Filippo Salvatore Gilii


Filippo Salvatore Gilii was an Italian Jesuit priest who lived in the Province of Venezuela on the Orinoco River. Gilii is a highly celebrated figure in early South American linguistics due to his advanced insights into the nature of languages. Gilii was born in Legogne, Italy. Most of what is known about the ethnology of the Tamanaco Indians was recorded by Gilii. One of his most notable works was Saggio di Storia Americana, o sia Storia Naturale, Civile, e Sacra De regni, e delle provincie Spagnuole di Terra-ferma nell' America meridionale, first published in four volumes in 1768.

Linguistic insights

Gilii recognized sound correspondences and predated William Jones' third discourse suggesting genealogical relationships between languages. Unlike Jones, Gilii presented evidence in support of his hypothesis.
He also discussed major concepts of linguistics such as areal features between unrelated languages, loanwords, word order, language death, language origins, and nursery forms of child language discussed by Roman Jakobson.

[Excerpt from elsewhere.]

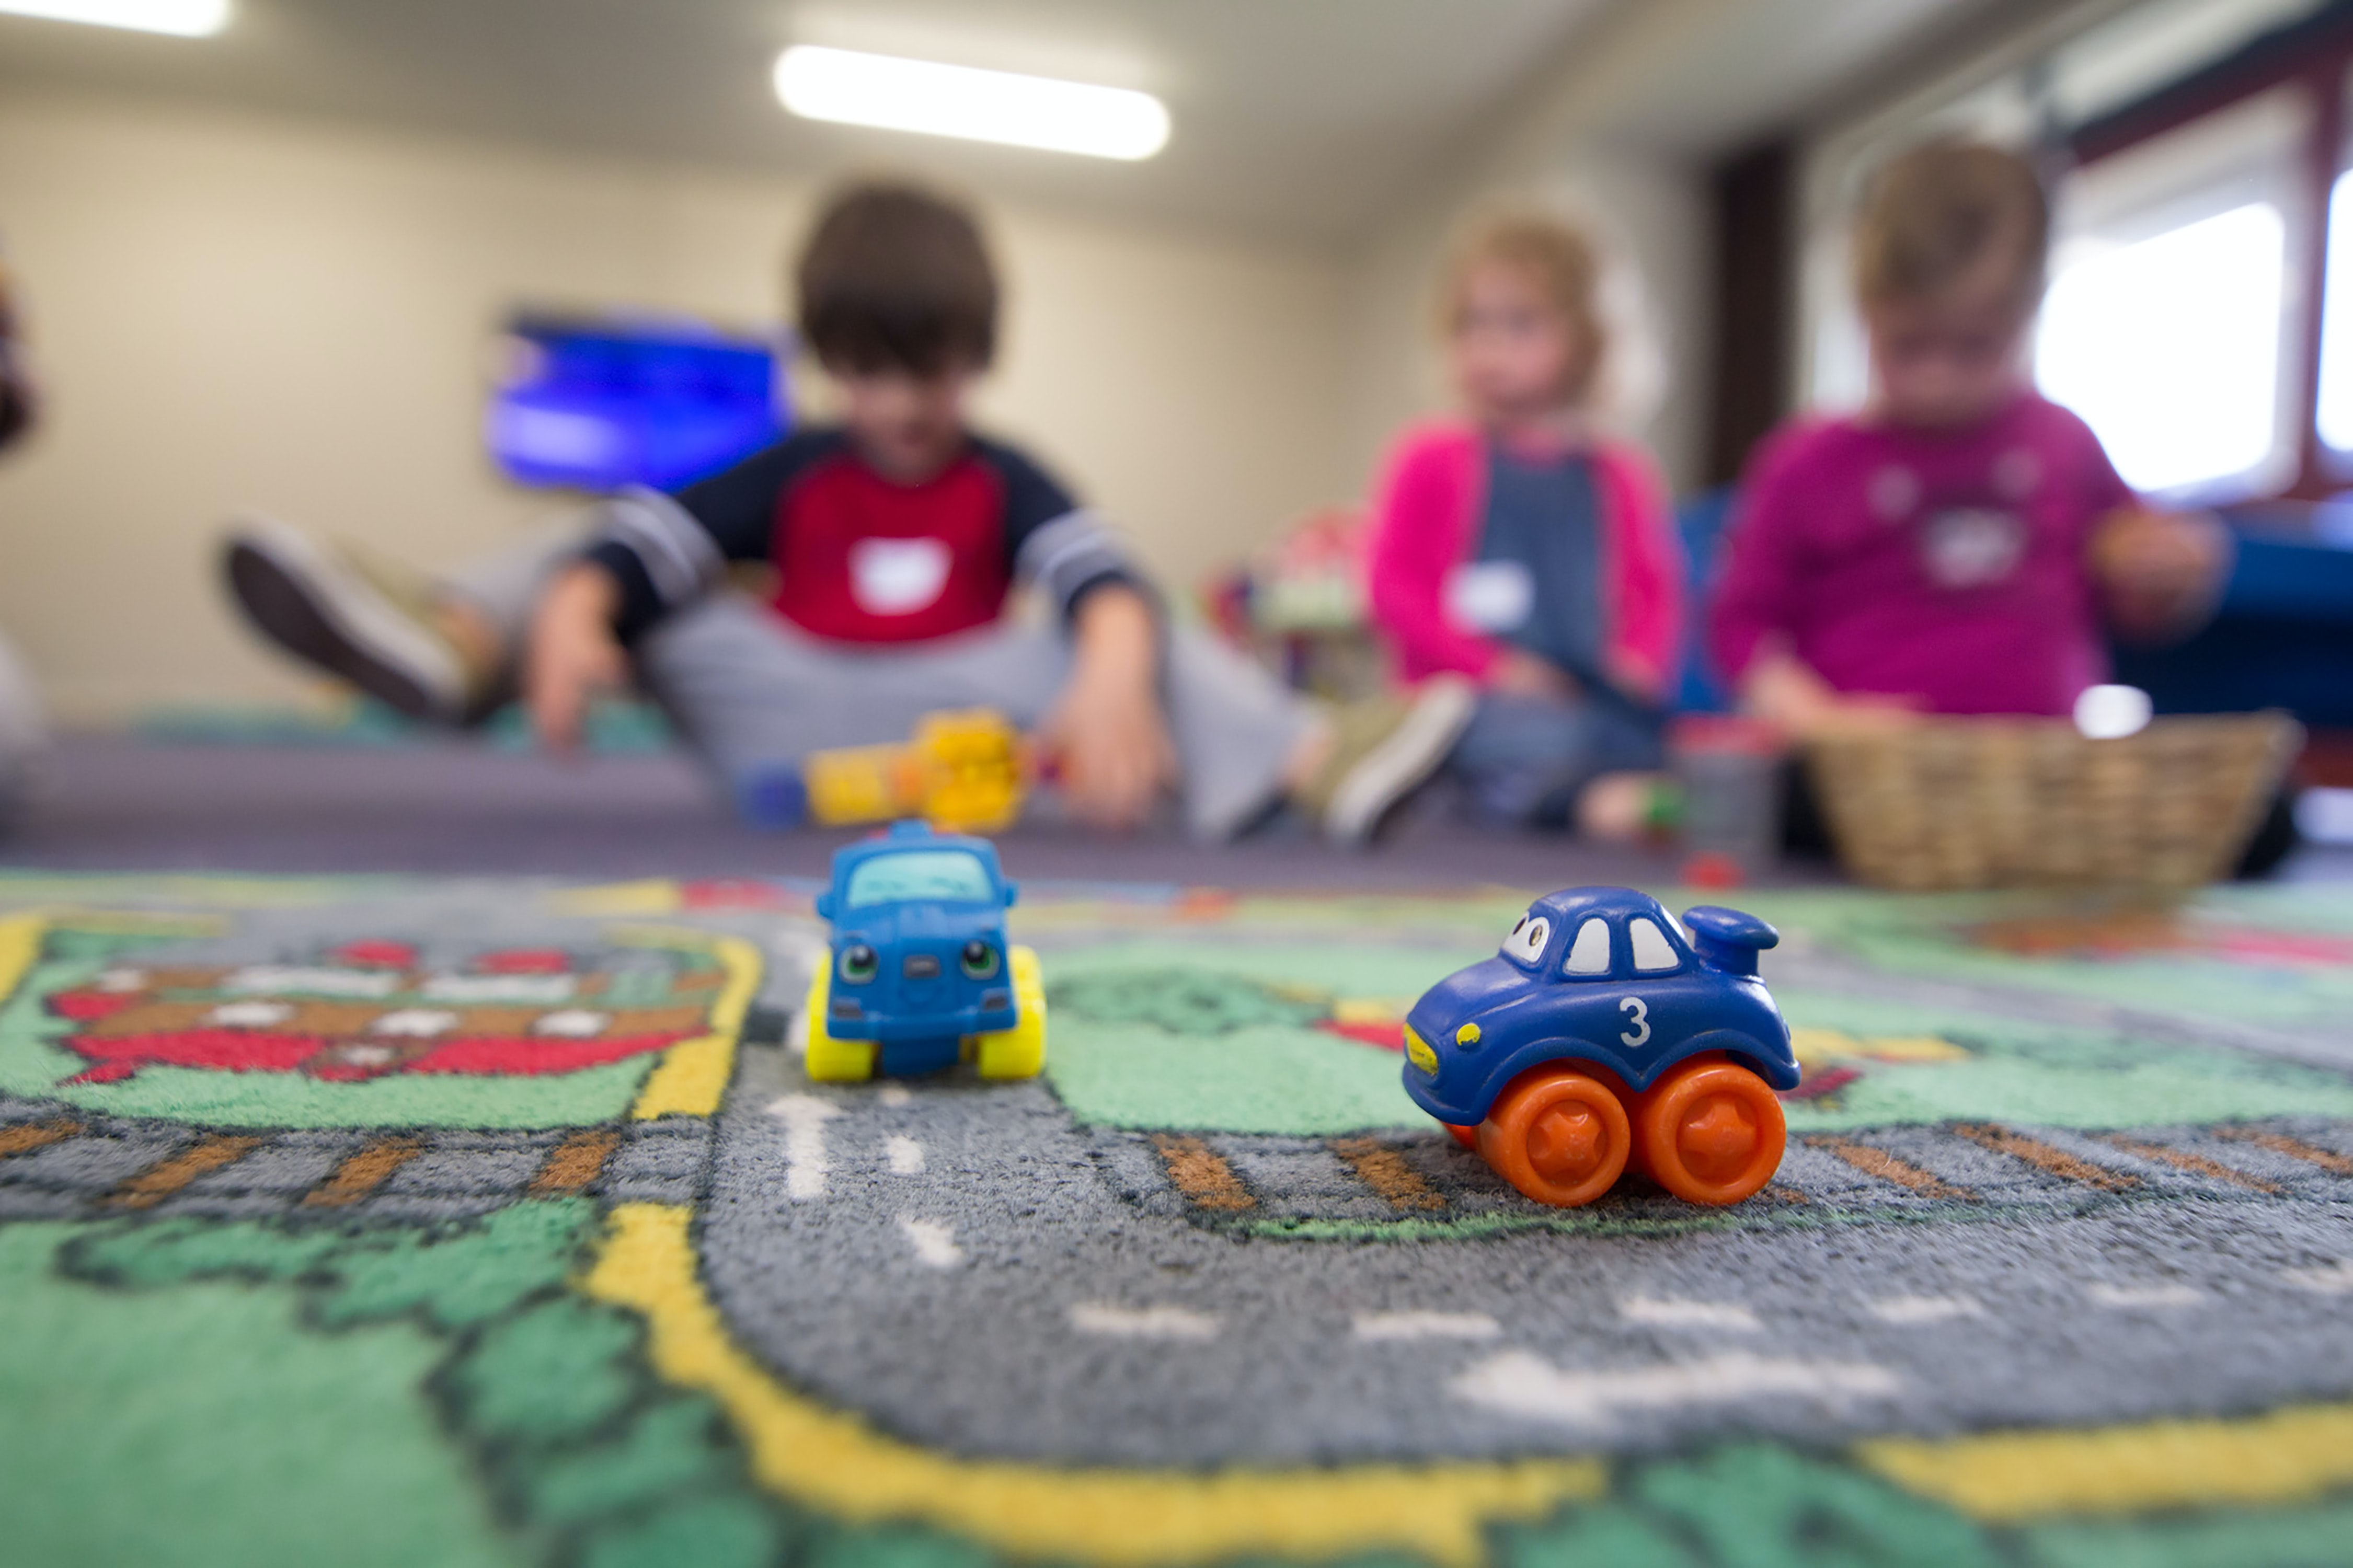 Three kids playing on a rug with trucks

Gilii's nine ''lenguas matrices''

Gilii found that the languages spoken in the Orinoco area belonged to nine "mother languages", i.e. language families:
  1. Caribe
  2. Sáliva
  3. Maipure
  4. Otomaca & Taparíta
  5. Guama & Quaquáro
  6. Guahiba
  7. Yaruro
  8. Guaraúno
  9. Aruáco
This classification is one of the earliest proposals of South American language families.